The script handling the form submission may be able to handle it with
the extra characters as well, but why should it?

And as I implied earlier, any form-to-email system that relies on the
recipient being given in a hidden field is badly coded in the first
place. Does the script on the server check to see whether anyone has
tampered with the data and substituted a different address there? Does
it allow mailing to any domain? In other words is this is a gift horse
to spammers?

along with the webmail thingy.

Now you've totally lost me.

Very frustrating, but who can argue with OCR

Um, you can if you want to.
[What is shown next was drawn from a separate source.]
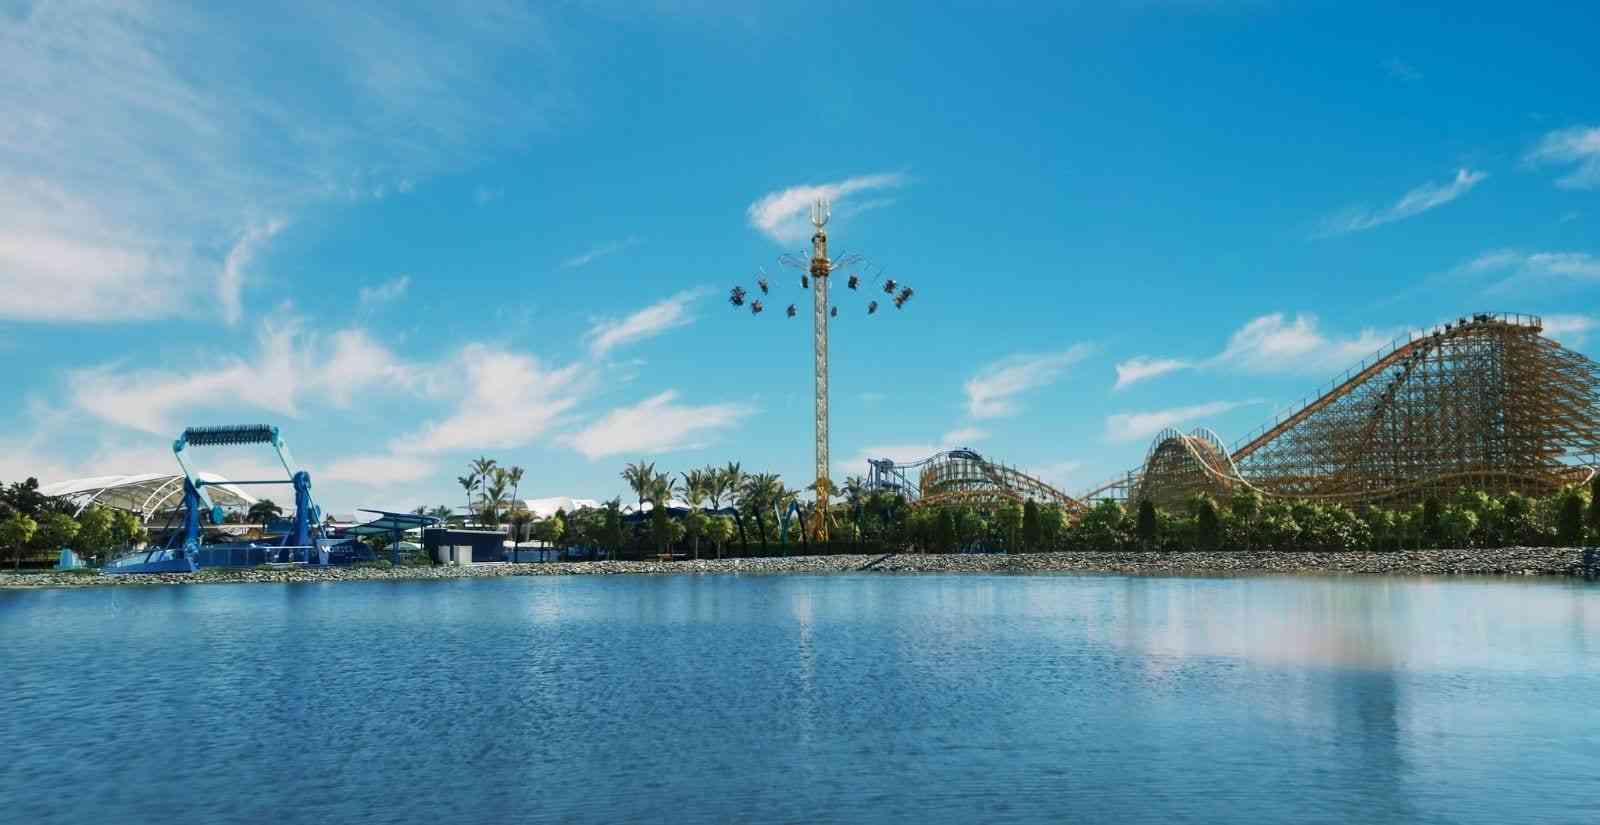 3 New Hair-Raising Rides Coming To The Gold Coast in 2021

But without seeing the syllabus, course
notes, the exam in question and your students' complete answers I
can't really say whether you'd be arguing from a correct or incorrect
position.

Steve

 

[Rebekha Ljoekelsoey]

Thanks for your considerable help
">

 

[Toby Inkster]

many thanks for the answer, I am having terrible problems with an examining
board who insist that the form will NOT work with the mailto included

The form will work. The server-side script may or may not be able to
handle the input -- but without seeing the documentation, or source code
for the server side script, this is impossible to judge.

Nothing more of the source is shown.